FIFA "Infantino va tout essayer pour répandre un épais brouillard"

ATS

4.8.2020

Après l'ouverture d'une procédure pénale visant Gianni Infantino, président de la FIFA, la commission d'éthique de l'instance a le pouvoir d'ouvrir une enquête. Cet organe censé assainir la fédération internationale se retrouve donc sous pression, contraint de faire la preuve de son indépendance.

Gianni Infantino, président de la FIFA, est visé depuis jeudi dernier par une procédure pénale en Suisse.
Gianni Infantino, président de la FIFA, est visé depuis jeudi dernier par une procédure pénale en Suisse.
Keystone

Pour le professeur de droit suisse Mark Pieth, celui-là même qui a mené la réforme de la justice interne de la FIFA en 2011 pour la rendre plus autonome, pas de doute, «la commission d'éthique doit ouvrir une enquête», a-t-il déclaré à l'AFP.

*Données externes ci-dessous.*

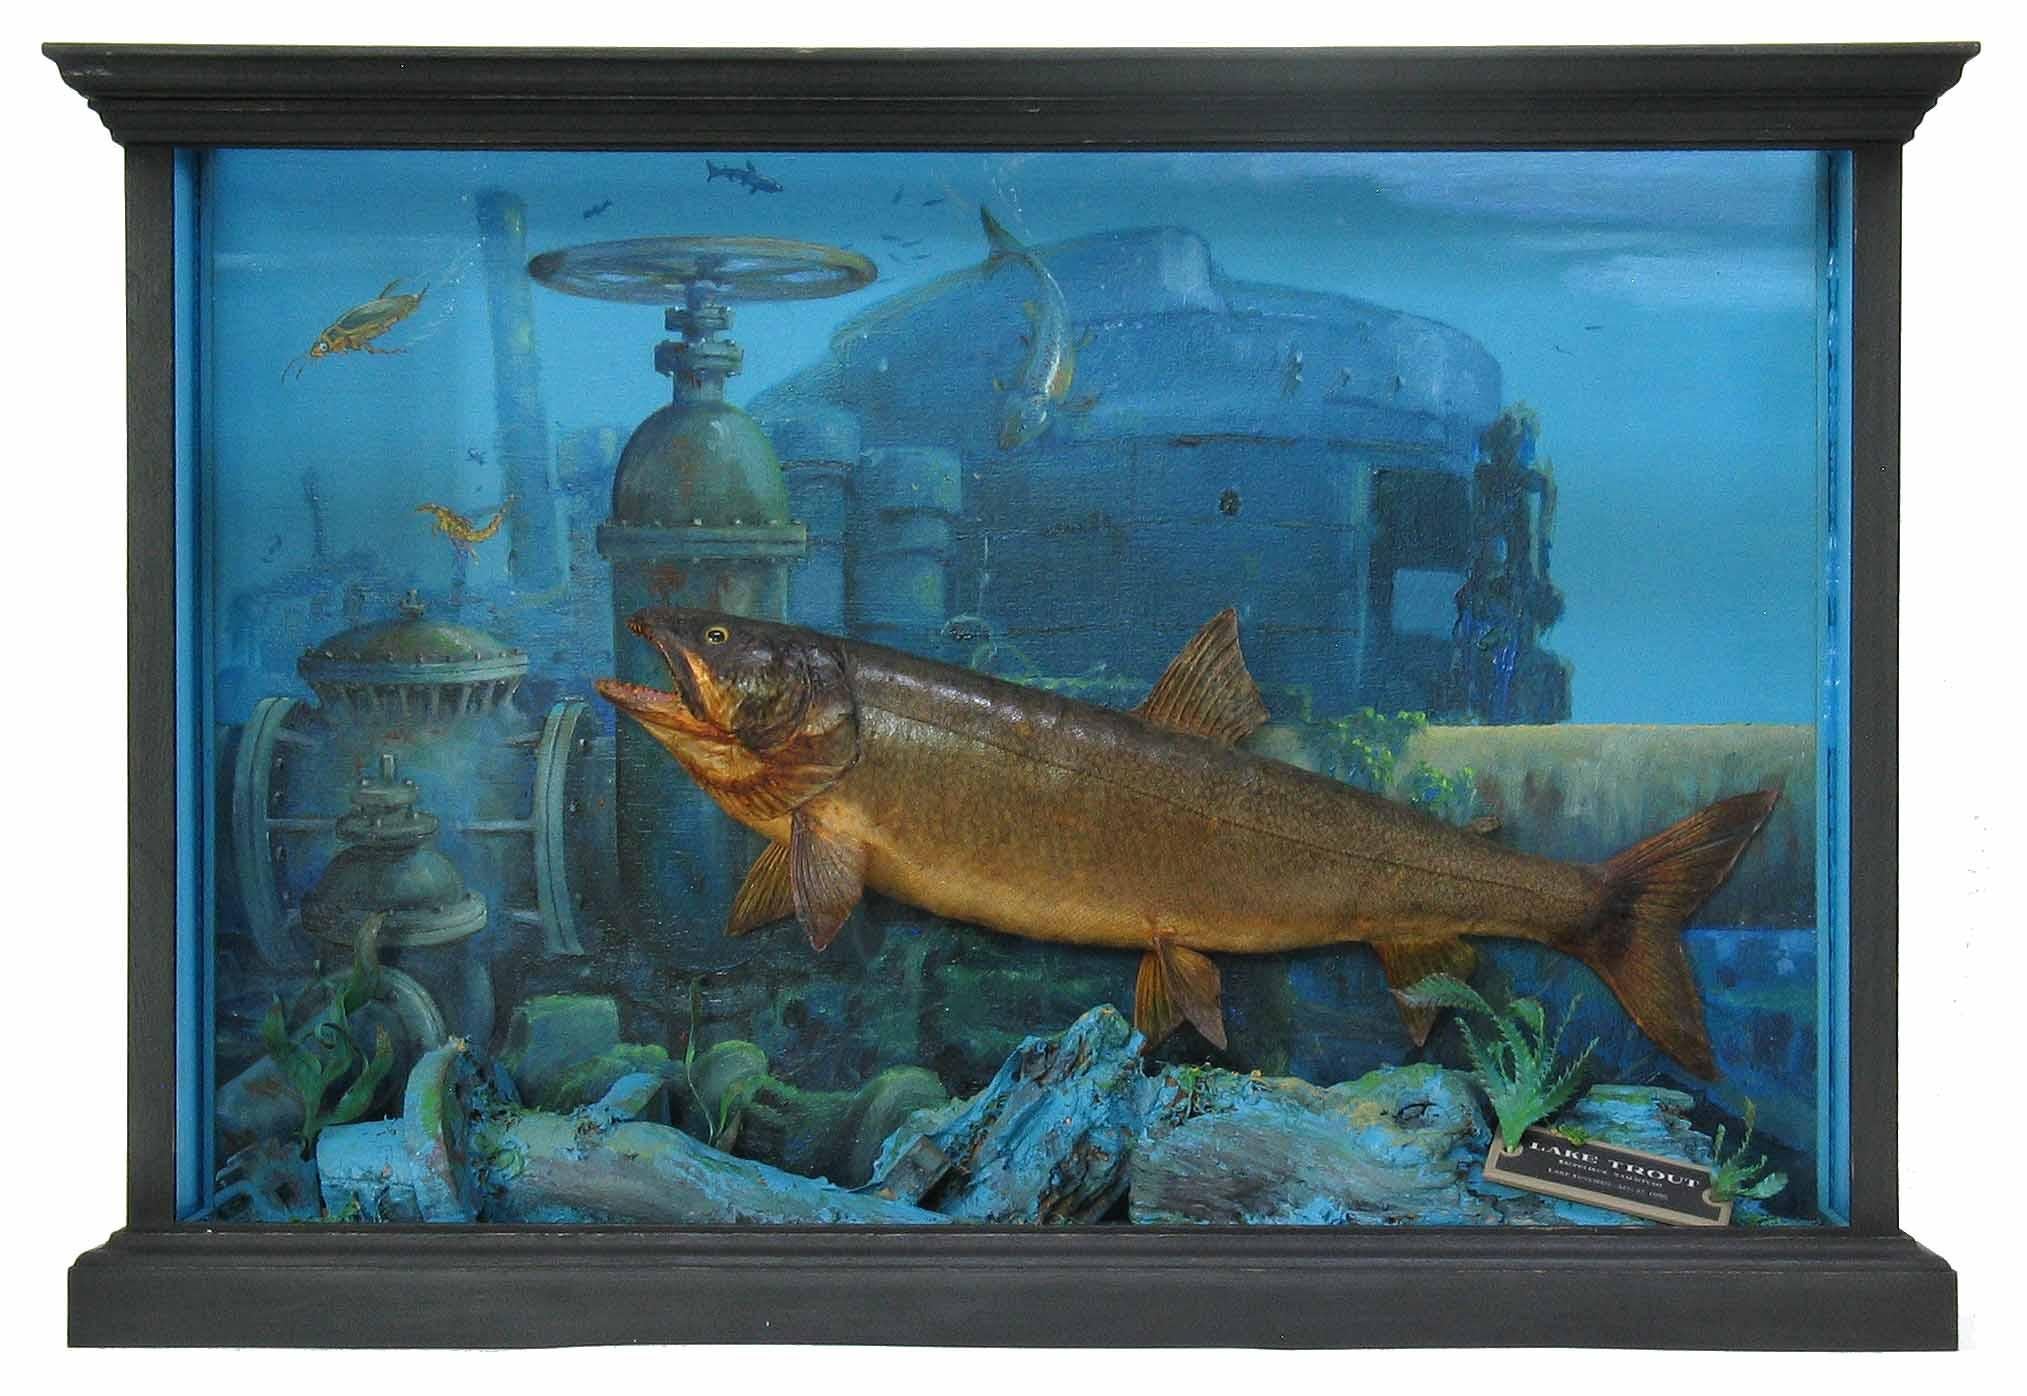 Wood Unusual Fish Taxidermy Diorama Set in Decaying Underwater Industrial Environment

En cela, il rejoint Miguel Poiares Maduro, ex-président du comité de gouvernance de l'instance, qui estimait dans le journal Le Monde que «maintenant, la commission d'éthique doit faire quelque chose», considérant que M. Infantino est susceptible d'avoir violé les articles 13 et 14 du code d'éthique de la FIFA (règles de conduite générale et devoir de neutralité).

M. Infantino est visé depuis jeudi par une procédure pénale en Suisse, le procureur fédéral extraordinaire estimant qu'il y a des «éléments constitutifs d'un comportement répréhensible en rapport avec la rencontre entre le procureur général Michael Lauber, le président de la FIFA et le premier procureur du Haut-Valais», Rinaldo Arnold, ami d'enfance de M. Infantino.

«Ni impartialité, ni indépendance»

Les infractions concernées sont «l'abus d'autorité», la «violation du secret de fonction» et l'«entrave à l'action pénale».

La FIFA a indiqué dimanche que le successeur de Sepp Blatter resterait en poste malgré la procédure. Elle a également assuré lundi que M. Infantino, élu en 2016 sur un programme de réformes, respecterait toute décision de la commission d'éthique», mais qu'il n'existait cependant «aucune preuve d'un comportement criminel ou contraire à l'éthique», d'après le secrétaire général adjoint de la FIFA, Alasdair Bell.

«Quand on a réformé la commission d'éthique, explique M. Pieth, c'était le point le plus essentiel: elle devait être indépendante du président (...) Mais déjà, j'ai été très étonné qu'aucune enquête ne soit ouverte quand il a été révélé que M. Infantino avait utilisé un jet privé pour rentrer du Suriname en 2017», prétextant un rendez-vous urgent.

Aujourd'hui, alors que le secrétariat de la commission d'éthique est placé sous la direction du juriste italien Mario Gallavotti, proche d'Infantino, «la commission d'éthique n'a aucune impartialité ni aucune indépendance», juge M. Pieth, qui enseigne le droit pénal à l'Université de Bâle.

«Epais brouillard»

Cornel Borbély et Hans Joachim Eckert, les deux anciens présidents du tribunal interne de la FIFA, qui avait suspendu M. Blatter et Michel Platini quelques jours après leur audition dans le cadre d'une enquête de la justice suisse pour un paiement de 2 millions de francs du premier au second, ont vu leur mandat non renouvelé en mai 2017.

Ils ont été remplacés par la Colombienne Maria Claudia Rojas (à l'instruction) et le Grec Vassilios Skouris (jugement).

Pour un bon connaisseur de l'instance, préférant rester anonyme, «il se peut que pour la forme, Mme Rojas ouvre une enquête. Mais de là à suspendre Infantino provisoirement...», souligne cette source, sans achever sa phrase.

Or, par le passé, la commission n'avait pas hésité à suspendre provisoirement de hauts responsables, y compris le président Blatter quelques jours après l'ouverture d'une procédure, ou même en l'absence de procédure judiciaire.

«Je suis sûr que M. Infantino va mettre Rojas sous tension. Il va tout essayer pour répandre un épais brouillard», a pour sa part estimé M. Eckert dans Le Monde.

Pour un autre expert du fonctionnement de la commission d'éthique, «une enquête doit être ouverte, ne serait-ce que pour répondre à l'exigence de transparence que M. Infantino met sans arrêt en avant. Mais le problème à la FIFA, c'est que pour défendre leur propres intérêts, ils vont protéger le président même s'ils savent que c'est une mauvaise stratégie».